Detecting Prefix Bias in LLM-based Reward Models
This work addresses fairness issues in AI by exposing biases in reward models used for RLHF, which is crucial for developers and researchers aiming to build more equitable systems, though it is incremental in proposing mitigation strategies.
The paper tackled the problem of prefix bias in LLM-based reward models trained on human preference datasets, revealing significant biases across racial and gender dimensions through novel detection methods and demonstrating that these biases persist across diverse datasets and architectures.

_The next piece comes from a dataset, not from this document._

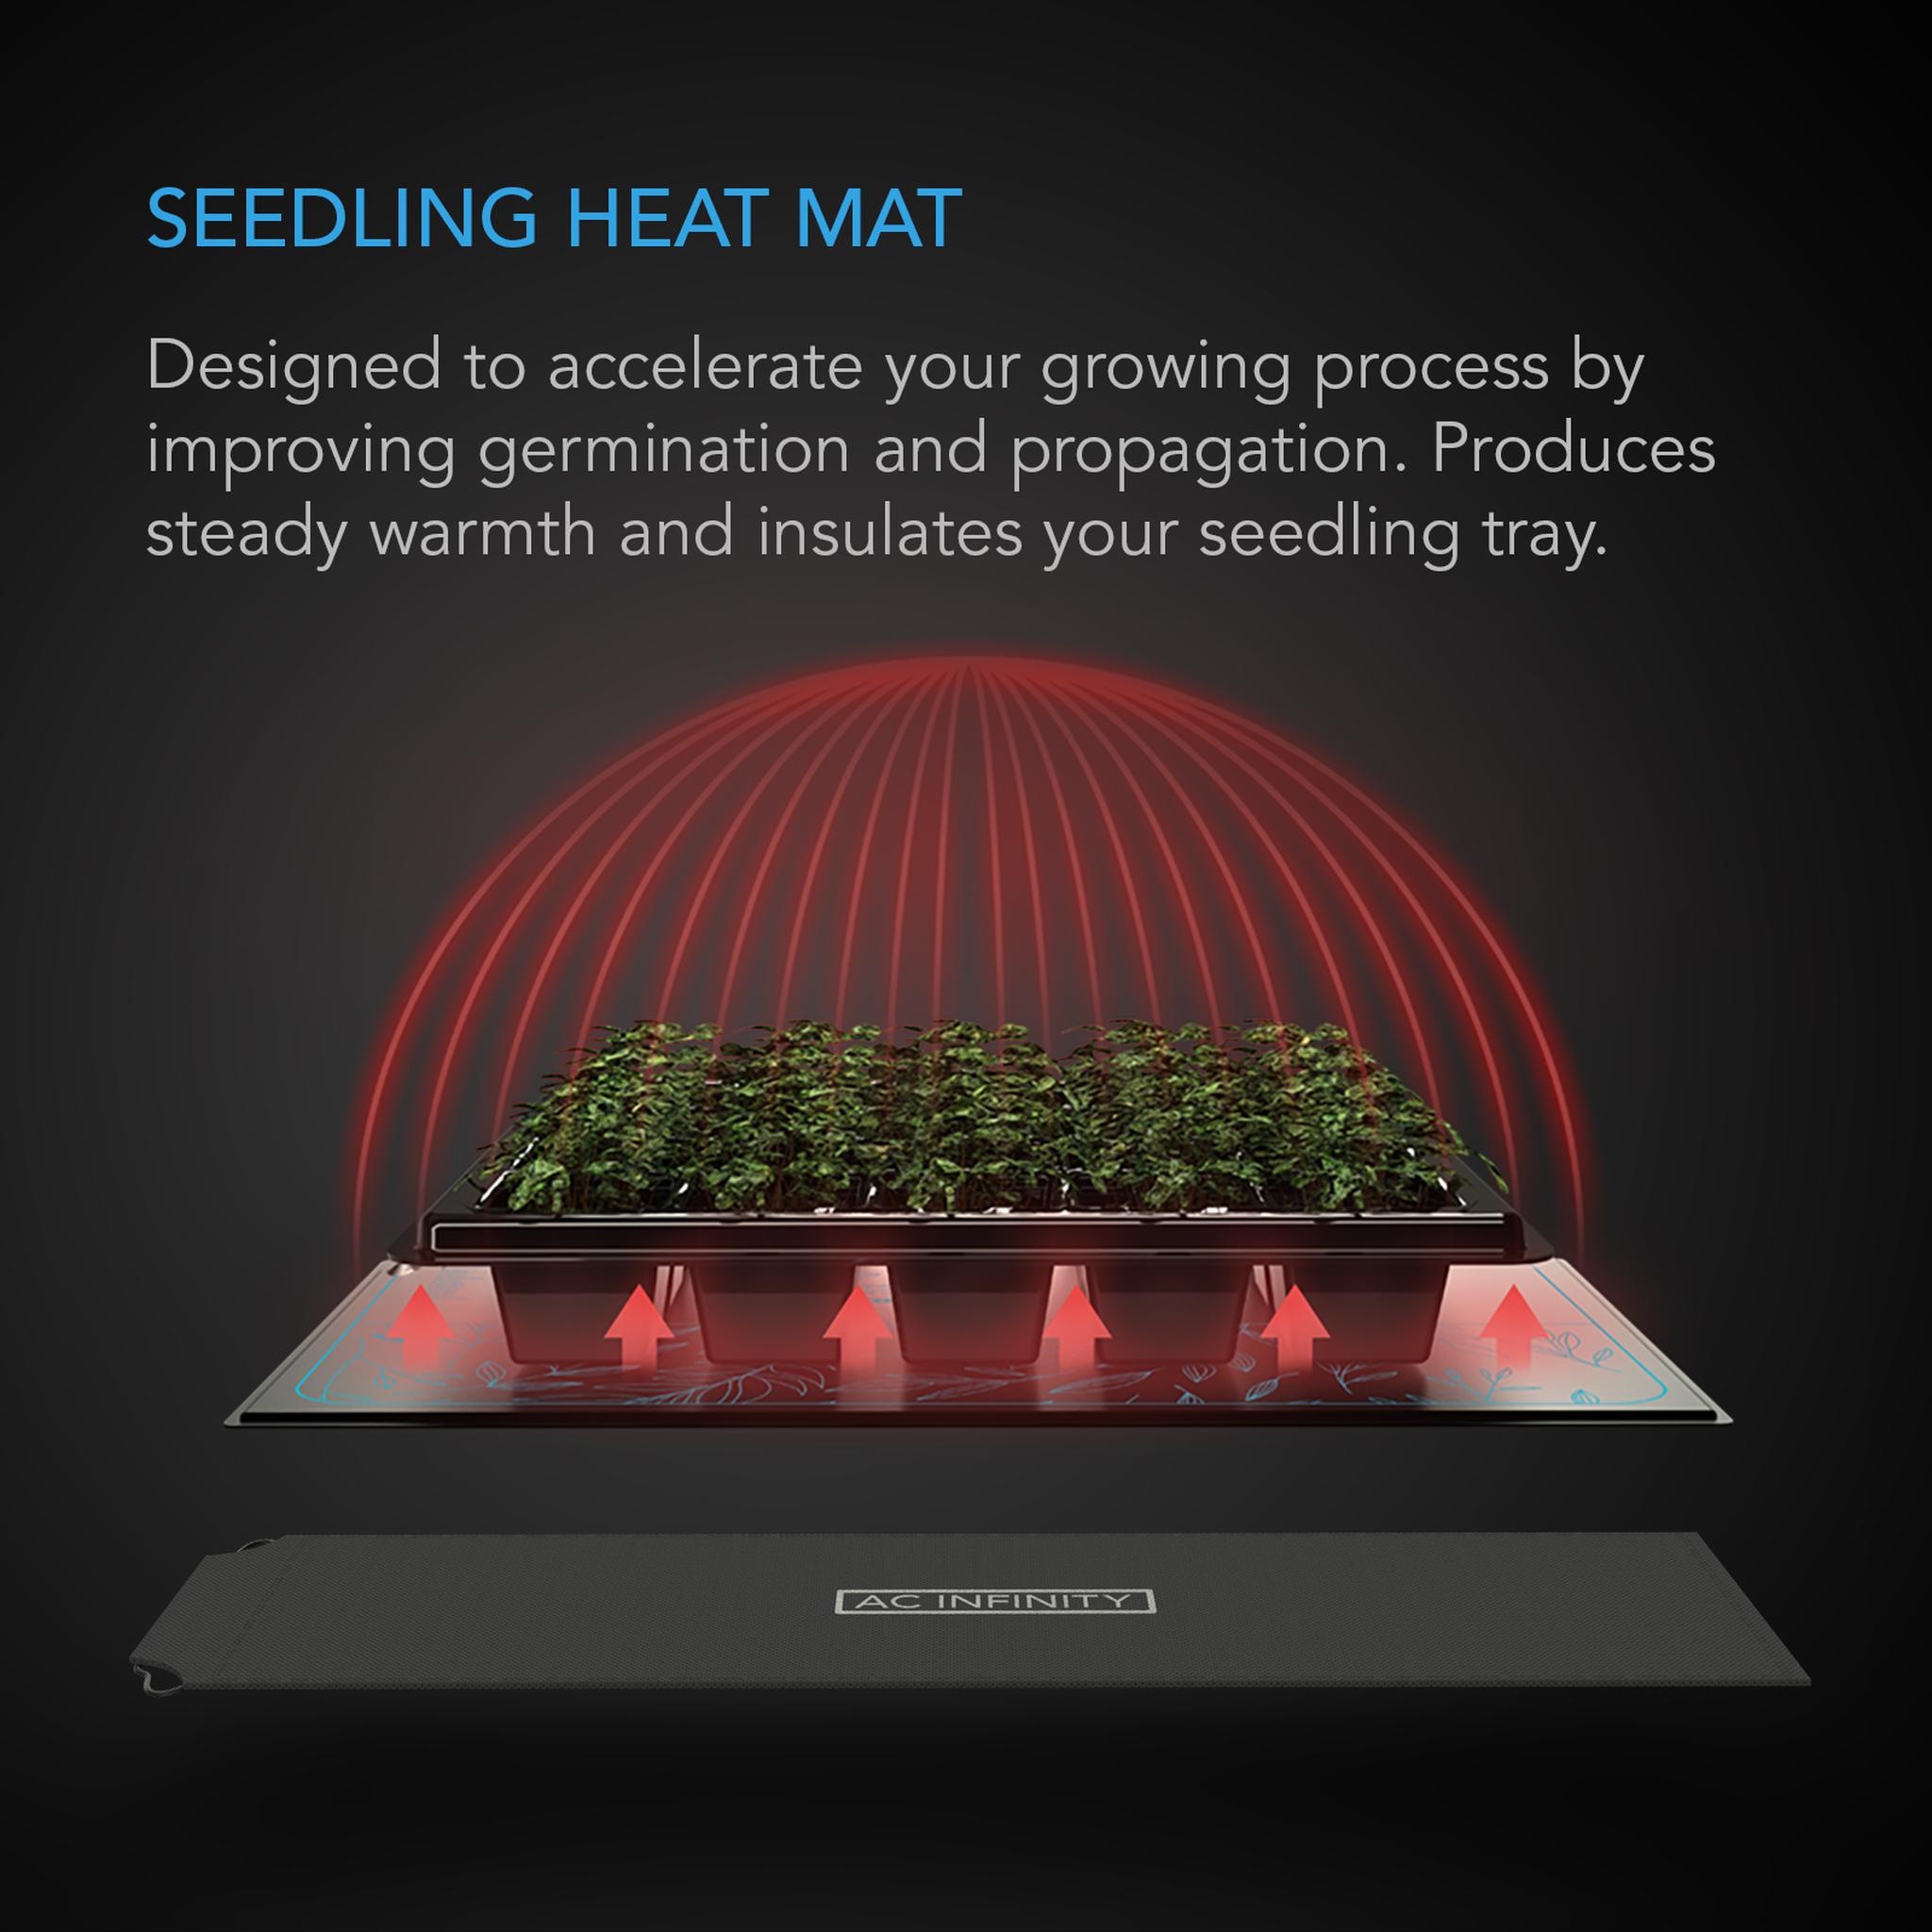 Seedling heat mat information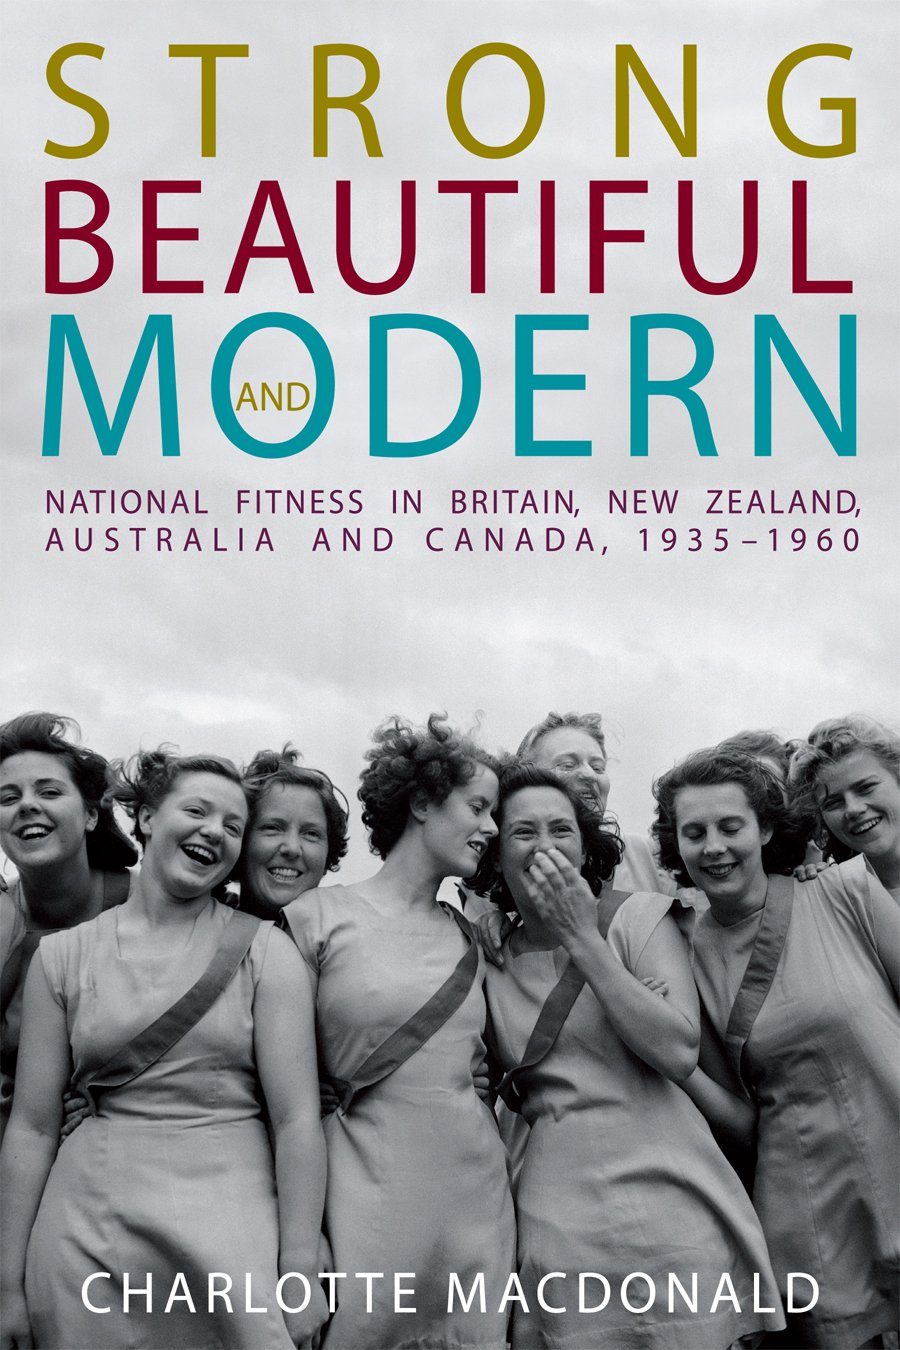 Strong beautiful modern by Macdonald

Reinforcement Learning with Human Feedback (RLHF) has emerged as a key paradigm for task-specific fine-tuning of language models using human preference data. While numerous publicly available preference datasets provide pairwise comparisons of responses, the potential for biases in the resulting reward models remains underexplored. In this work, we introduce novel methods to detect and evaluate prefix bias -- a systematic shift in model preferences triggered by minor variations in query prefixes -- in LLM-based reward models trained on such datasets. We leverage these metrics to reveal significant biases in preference models across racial and gender dimensions. Our comprehensive evaluation spans diverse open-source preference datasets and reward model architectures, demonstrating susceptibility to this kind of bias regardless of the underlying model architecture. Furthermore, we propose a data augmentation strategy to mitigate these biases, showing its effectiveness in reducing the impact of prefix bias. Our findings highlight the critical need for bias-aware dataset design and evaluation in developing fair and reliable reward models, contributing to the broader discourse on fairness in AI.